Unter den rätselhaften Inhalten der Website wird dann auf einige wenige der laufenden Projekte in den Kirchen verlinkt. Laut Kampagnenkoordinator Elson können sich interessierte Akteur:innen aber auch weiterhin eintragen lassen. In ihrem gegenwärtigen Zustand scheitert die Website am Anspruch, ein Schaufenster und Brückenkopf des vielfältigen Einsatzes der evangelischen Kirche für den Klimaschutz zu sein. Jenseits zahlreicher Ausrufezeichen und Aufforderungen, doch etwas zu tun und sich zu informieren, findet sich auch kein klarer Call-to-Action: Was soll ich als Leser:in jetzt eigentlich tun? Meinen „Handabdruck“ checken?

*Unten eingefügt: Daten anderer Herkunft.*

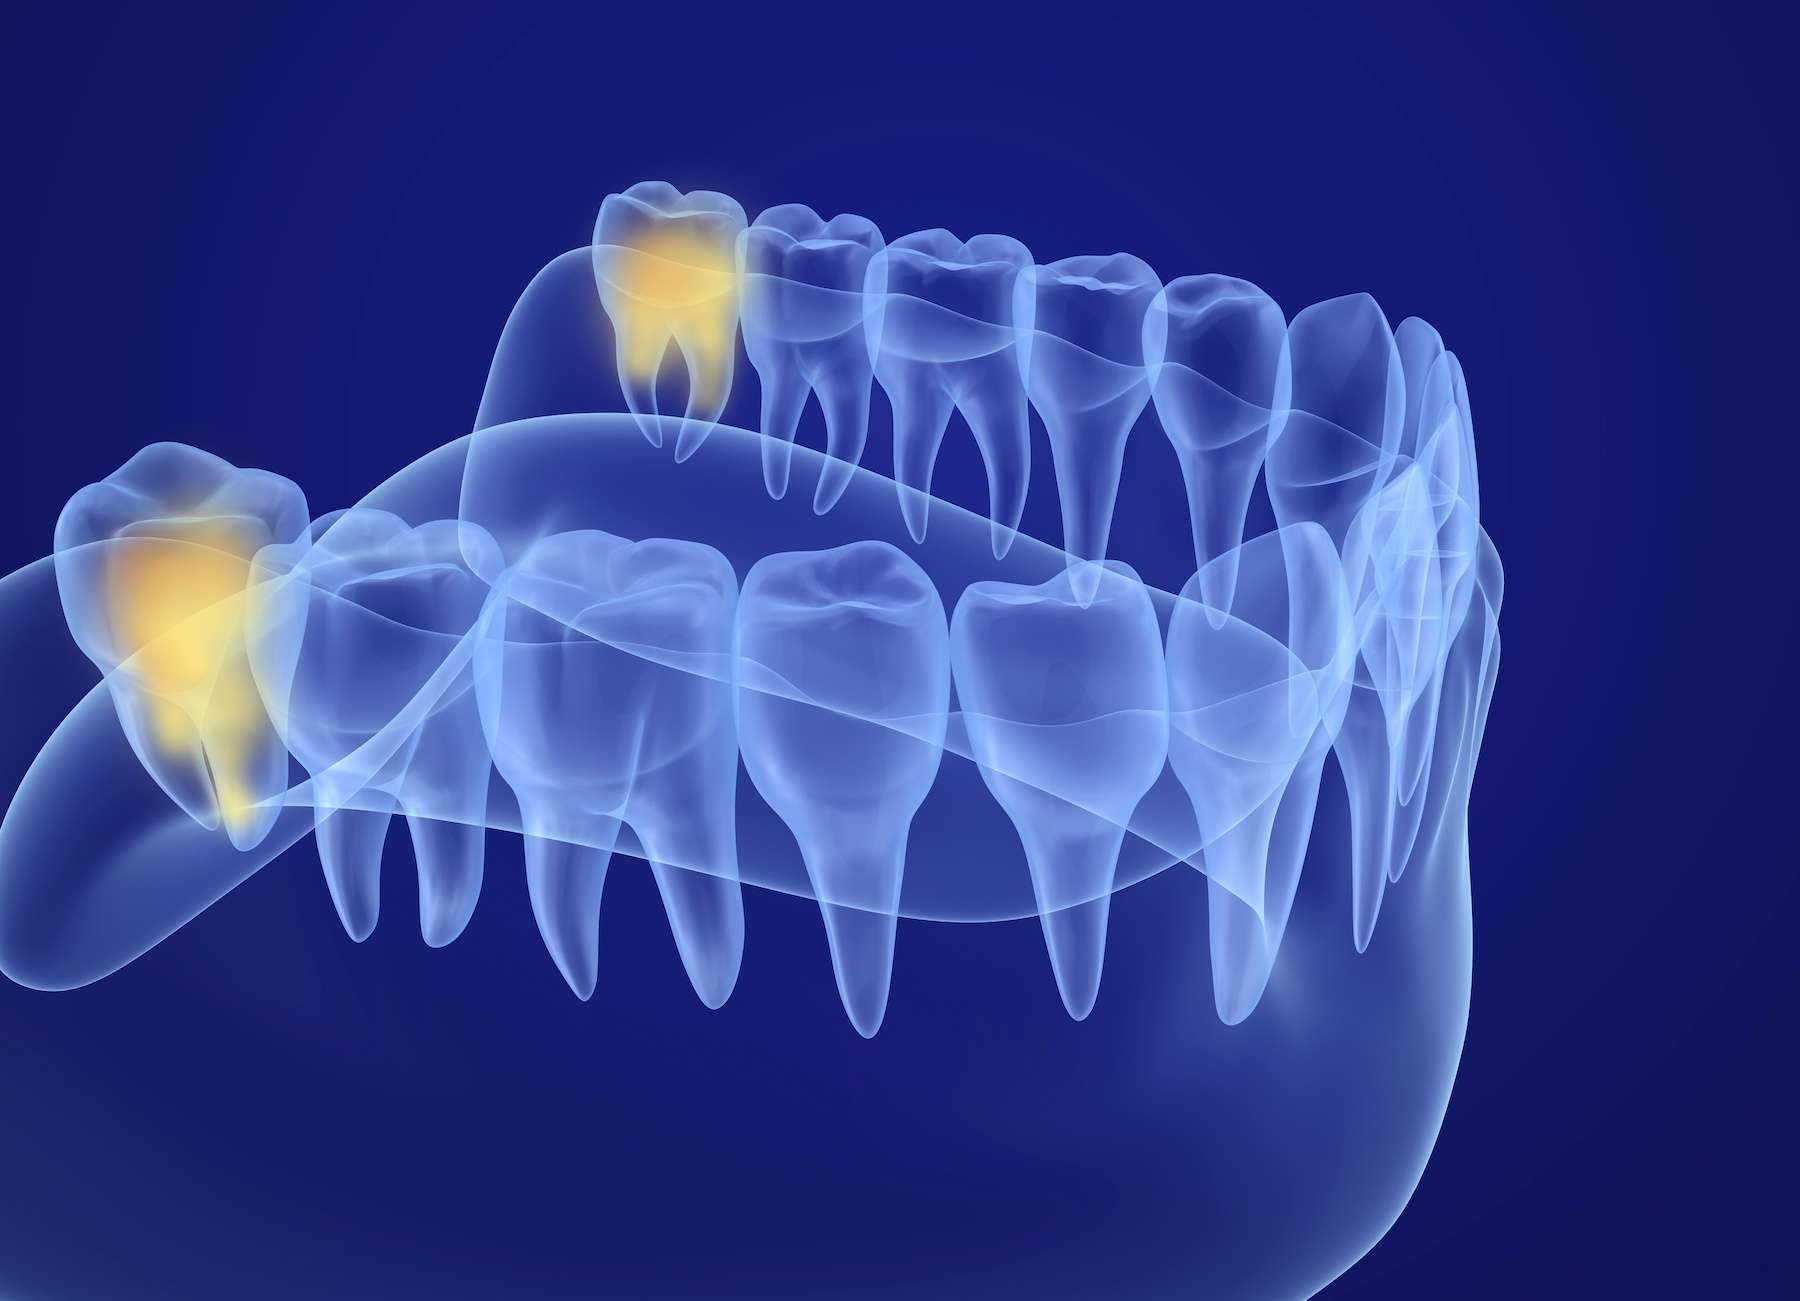 Notre crâne est plus aplati que celui des autres primates, les dents ont moins de place pour pousser. © Alexandr Mitiuc, Adobe Stock

Der Elefant im Raum: Die Eisbären auf der Arche
Nicht nur im Rat der EKD wurde intensiv darüber diskutiert, ob „die evangelische Kirche“ sich ausgerechnet mit „KI“-Videos öffentlich für Klimaschutz einsetzen soll. Klar ist, dass sich die EKD eine teurere Produktion von Bewegtbildinhalten – mit richtigen Schauspieler:innen an realen Drehorten oder in richtigen Kulissen – nicht leisten konnte. Die wahren Produktionskosten der 20.000 € teuren Kurzvideos werden allerdings, wie bei „KI“-Produktionen üblich, externalisiert (mehr dazu hier in der Eule). Auch wollte man offenbar nicht noch einen zweiten Kampagnenentwurf in der Schublade verschwinden lassen.

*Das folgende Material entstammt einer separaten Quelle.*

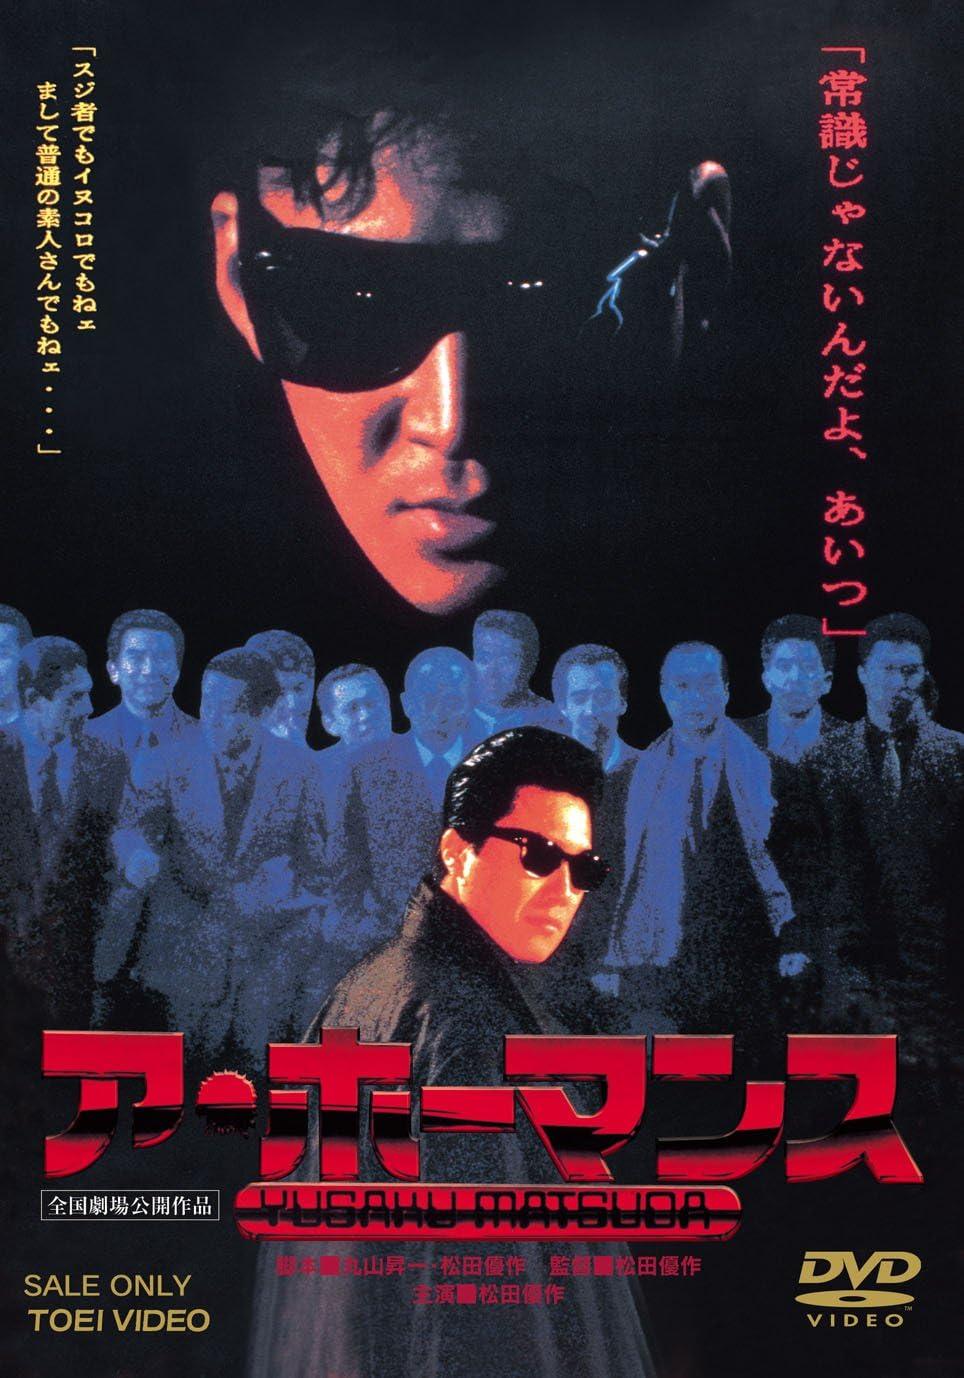 ア・ホーマンス(1986年)

Für das ekn-Produktionsteam war der EKD-Auftrag ein erstes „Experiment“ mit den Produktionsmöglichkeiten generativer „Künstlicher Intelligenz“. Den Videos selbst merkt man die sorgfältigen Prompts (Anweisungen) an, die „der KI“ gegeben wurden. Weder sind Maria und Joseph weiße MitteleuropäerInnen, noch gibt es in den nur wenige Sekunden langen Videos glitches oder fails – also keine unpassenden Übergänge, fehlerhafte Darstellungen oder Ausrutscher in der „Kameraführung“.

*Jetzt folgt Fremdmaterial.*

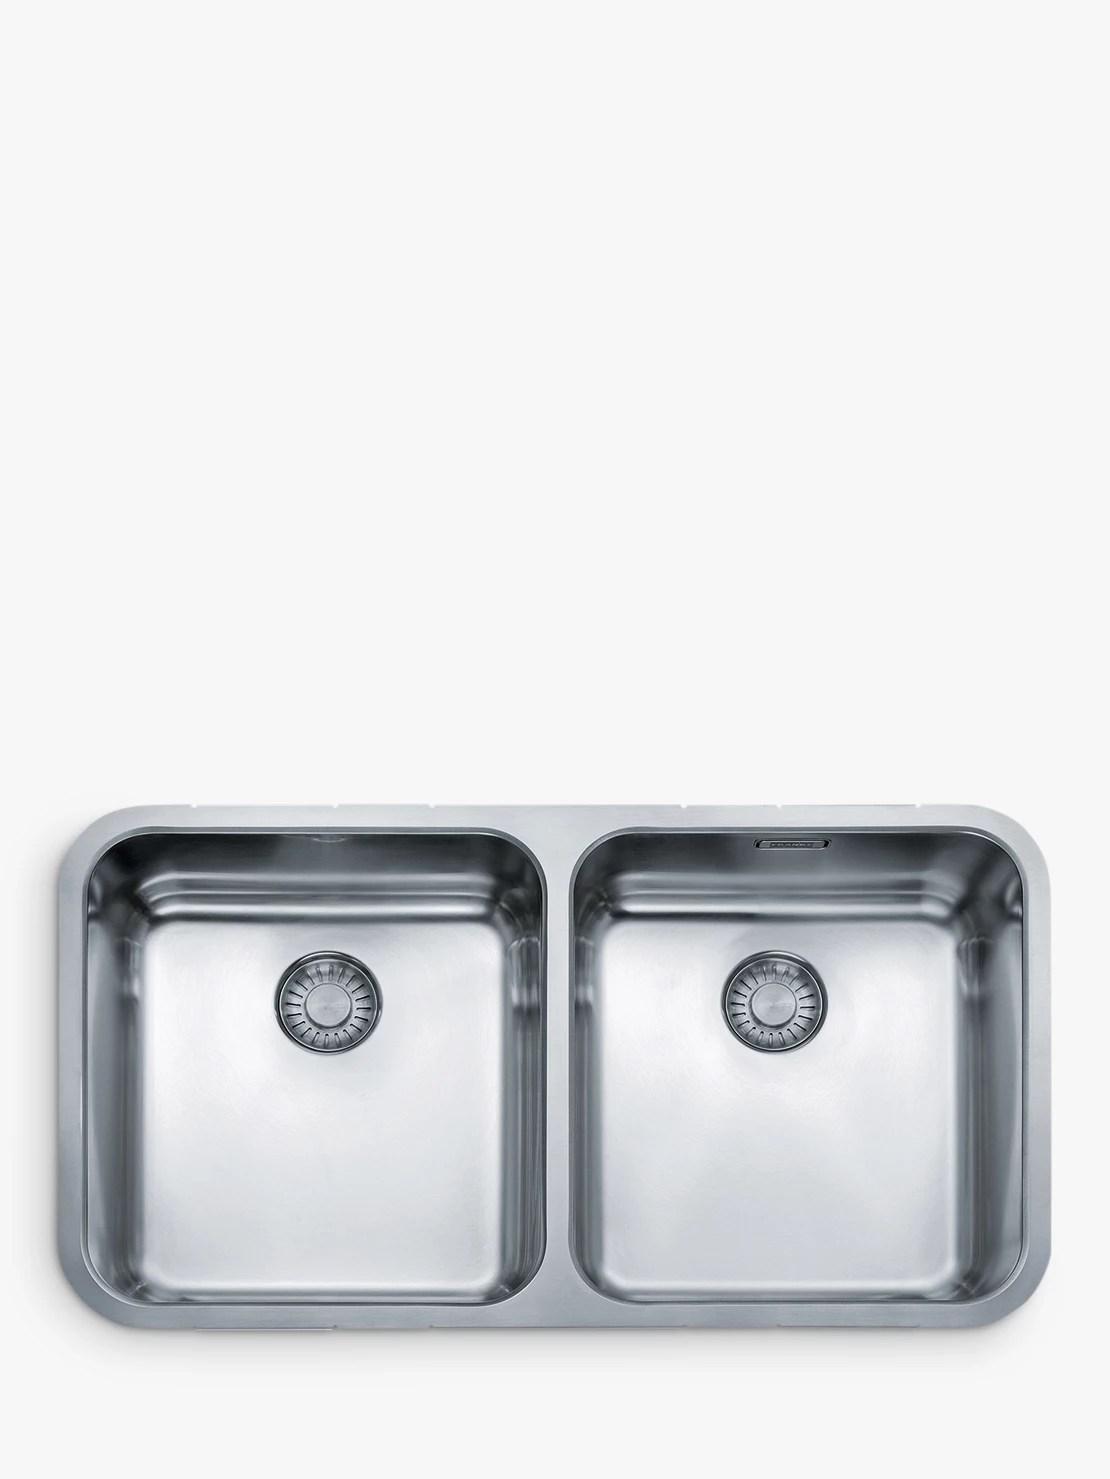 franke largo lax 120 36 36 undermounted 2 bowl kitchen sink stainless steel

Da die Videos nicht mit den allerneuesten „KI“-Videowerkzeugen erstellt wurden, sondern mit Veo 3 von Google, steckt in den Videos am Ende doch wieder eine Menge menschlicher Hirnschmalz und vor allem Geduld im Umgang mit den Zwischenergebnissen „der KI“. Zuweilen sind sie sogar witzig: Maria, die Mutter Jesu, fordert zum Thema „Nachhaltig einkaufen“ frech: „Schenk keinen Scheiß!“

Bild: Screenshot aus dem „KI“-Video zum nachhaltigen Einkaufen
Wären die „KI“-Videos vor einem Jahr erschienen, wären sie womöglich als zeitgemäße Experimente mit einer neuen und gehypten Technik durchgegangen. Dass es dazu nicht gekommen ist, liegt vor allem an den ausdauernden Behördengängen und Gremienberatungen in Rat, Resonanz- und Arbeitsgruppen und mehreren Fachstellen des EKD-Kirchenamtes. Im Herbst 2025 verschwinden die Videos nun aber unter einer Welle aus „KI-Schrott“, der sich in die großen Social-Media-Plattformen ergießt und der – so zeigen es immer mehr Untersuchungen – bei Nutzer:innen nicht gut ankommt.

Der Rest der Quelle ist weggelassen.